Schindler’s documents sold at auction
BOSTON - Reuters
A one-page letter in German dated Aug 22, 1944, signed by Schindler.
Documents linked to Oskar Schindler, the German industrialist known for his efforts to save Jews from World War II concentration camps, were sold at auction for more than $122,000, a New Hampshire auction house said on Aug. 16.The documents included a rare one-page letter, signed by Schindler and dated Aug. 22, 1944, sent from his enamelware factory in Krakow, Poland, where he employed more than 1,000 Jewish workers from a nearby Nazi concentration camp. The letter was written on behalf of one of Schindler’s employees, Adam Dziedzic. Schindler’s story was recounted in the 1982 novel “Schindler’s Ark” by Thomas Keneally and became the basis of Steven Spielberg’s film “Schindler’s List” in 1993.

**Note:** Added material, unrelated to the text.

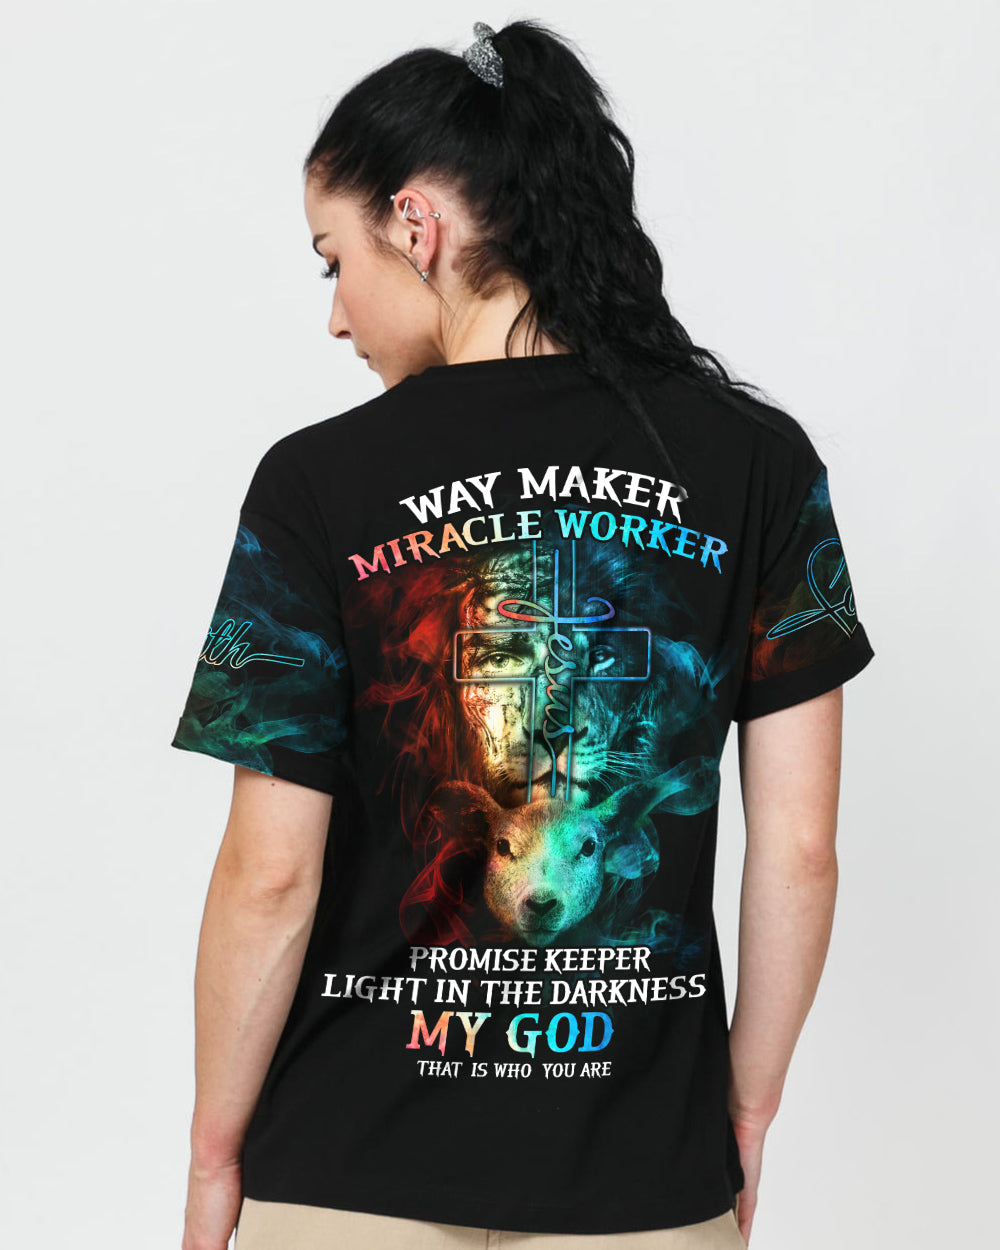 Way Maker Miracle Worker Jesus Lion Lamb Women's Christian Tshirt

Schindler had learned in the summer of 1944 that the Nazis planned to close factories unrelated to the war effort. Through bribery and personal connections, he won permission to produce arms and move the factory and its workers to Brunnlitz, in Sudetenland, or Sudetengau, in what is now Czech Republic. The nine or 10 lists of employees he submitted to the Nazis became known collectively as “Schindler’s list.”